The All-Highest Paradise

by MELIKA REZVANI

It was 24 August 2013. I was spending my summer vacation at my grandparents’ house in Mashhad. My mother, Roshanak, was there too. I was watching my mother the whole day because she was nervous. Several times, she called my father in Bandar Abbas, but he did not answer the phone. My mother started calling my brother, Korush, who was also in Bandar Abbas, but my brother didn’t know where my father was, and he was worried too.

The next day, about 12 o’clock, we were still waiting for news about my father. Then one of our family friends called my grandmother. As my grandmother was talking on the phone, I noticed a difference in her face — a deep sorrow in her eyes. She hung up the phone, and in just one sentence, she explained what had happened, but I couldn’t understand her words. It was as if she were speaking gibberish. My mother started crying. My grandmother saw how confused I was and so she took me aside and said these words to me: “Melika, your father is not with us anymore. He passed away.”

Once I had understood my grandmother, the first thing I did was close my eyes and empty my mind of every single feeling of pain or grief. I wanted to feel nothing, I wanted to hide from this news. It worked for a moment.

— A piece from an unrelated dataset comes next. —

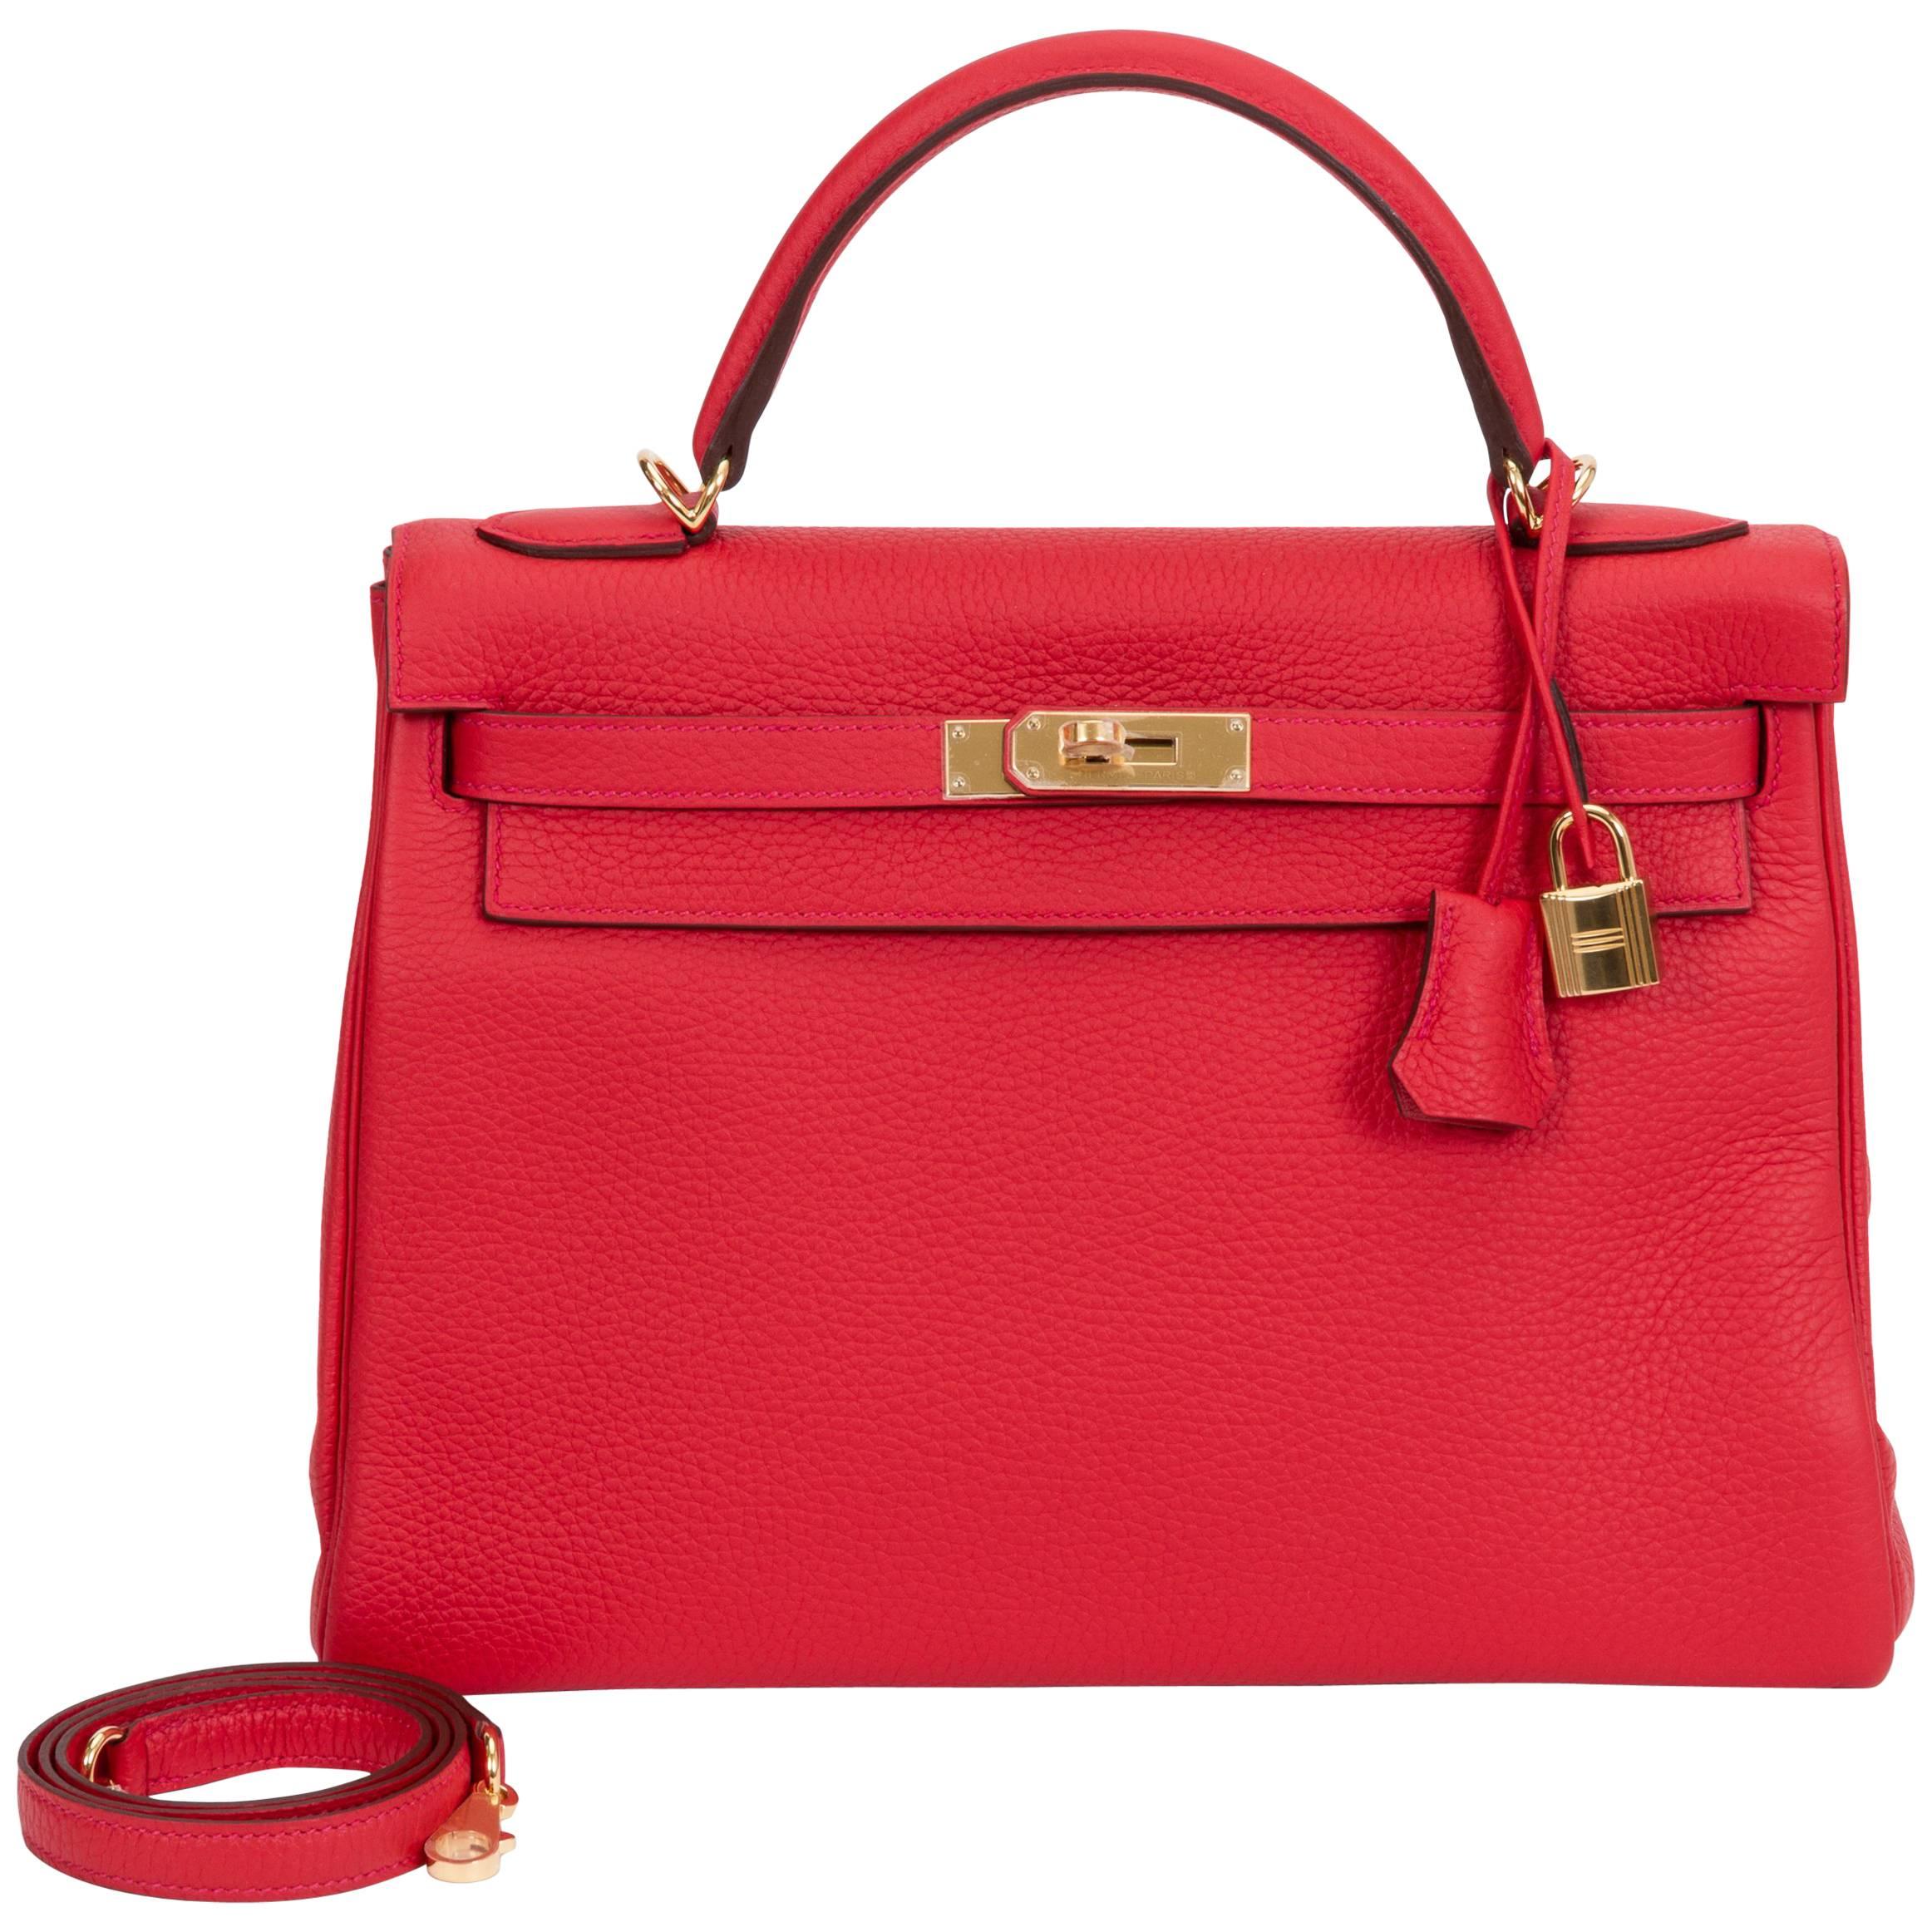 NEW in Box Hermès 32cm Rouge Tomate Kelly Bag

I closed my eyes and forgot everything that I just heard. I told myself that the information was incorrect; my father was still alive. But as soon as I opened my eyes, the truth struck me, and I felt a great grief well up inside my heart.

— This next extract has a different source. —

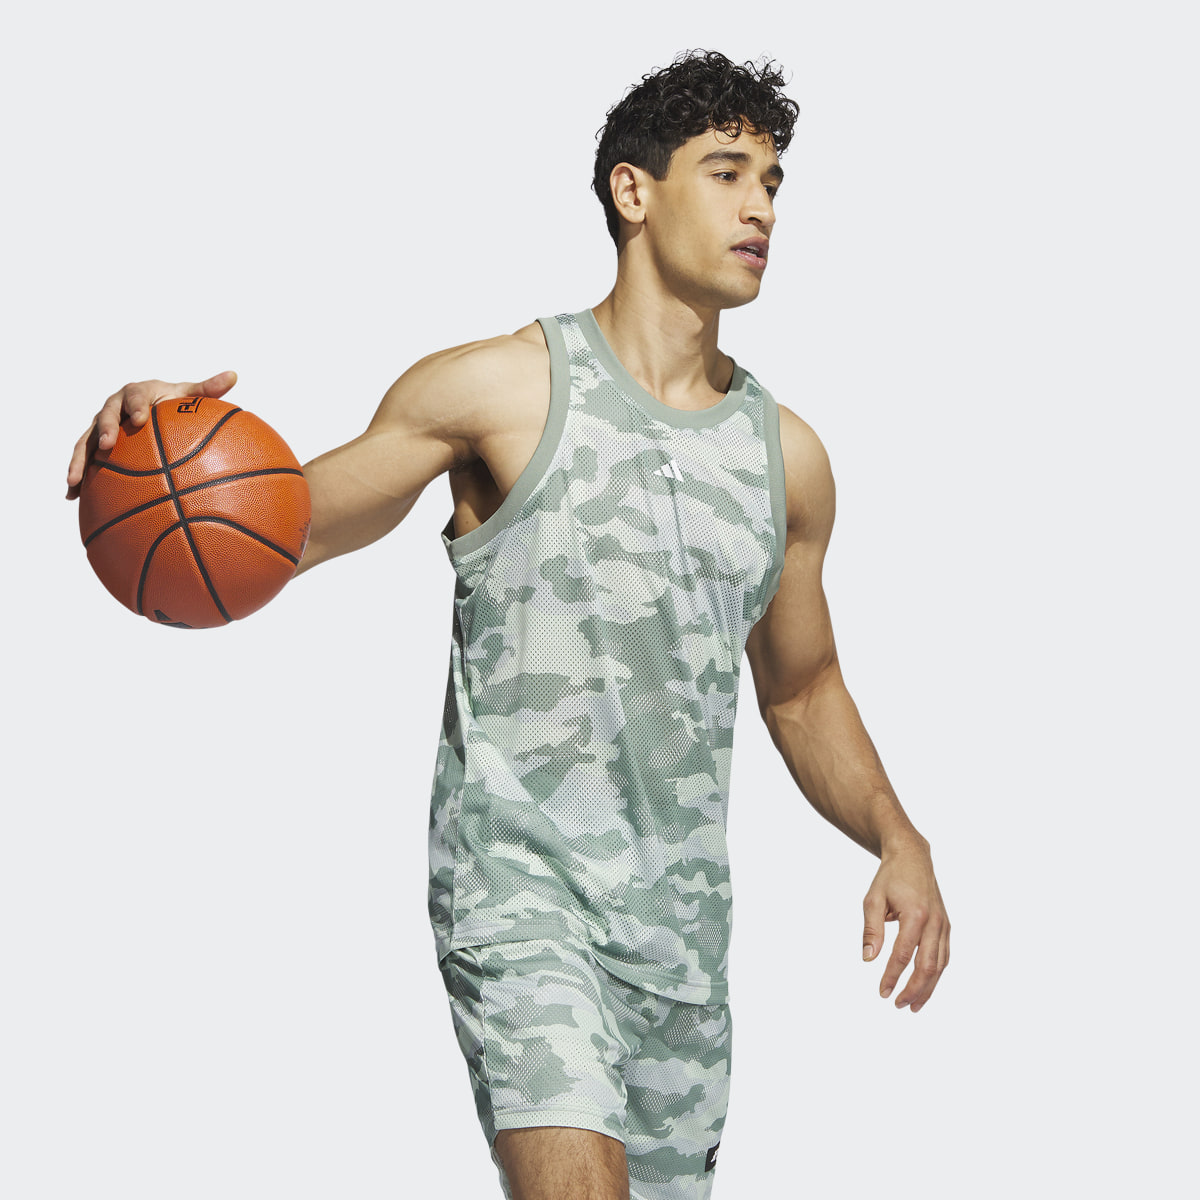 Adidas Basketball Legends Allover Print Tank Top. 4

As the day passed, we got several phone calls from our friends who gave us further details. My father had been found in his car in the outskirts of the city. He was sitting in the driver’s side of the car with a gunshot wound in his head. Later, we found out that two unknown persons had come uninvited into the car and forced my dad to drive outside the city, somewhere near the train station where no sound could be heard. There, those two persons had murdered my father and run away. We were told that it had been a religiously-motivated murder.

After hearing the news, my grandfather went out to buy the first available tickets to Bandar Abbas. The flight was at four o’clock in the morning. Quickly, we packed our bags, and we didn’t sleep at all that night. About six o’clock in the morning, we arrived at the Bandar Abbas airport. As we were driving home, I felt worried. My brother had been alone when he first heard the news. I wondered how he was handling the shock. As soon as I saw my brother, I wrapped my arms around him and hugged him for a long time. He was silent. I was silent too. We did not know what to say. He was not crying, but I could see the pain of our loss in his eyes.

On 27 August 2013, our family received a message from the Universal House of Justice about the murder of my father. Our house was crowded with family and friends. We asked someone to chant a prayer and then we read the message from the House of Justice out loud. As I listened to each word, I felt a spiritual power grow in my heart. I was sure all of my family and friends felt the same way because when the message was finished, I saw the look on the faces of everyone present — one of joy inspired by some indescribable energy. I felt it too. I was grief struck and heartbroken; still, I was so happy for my father because he entered what Bahá’u’lláh calls “the all-highest Paradise.”. My father, Attaullah Rezvany, dedicated his life to serve the people around him. Because of his love for people, his sincerity, and the purity of his heart, he was chosen to be a martyr for his Faith.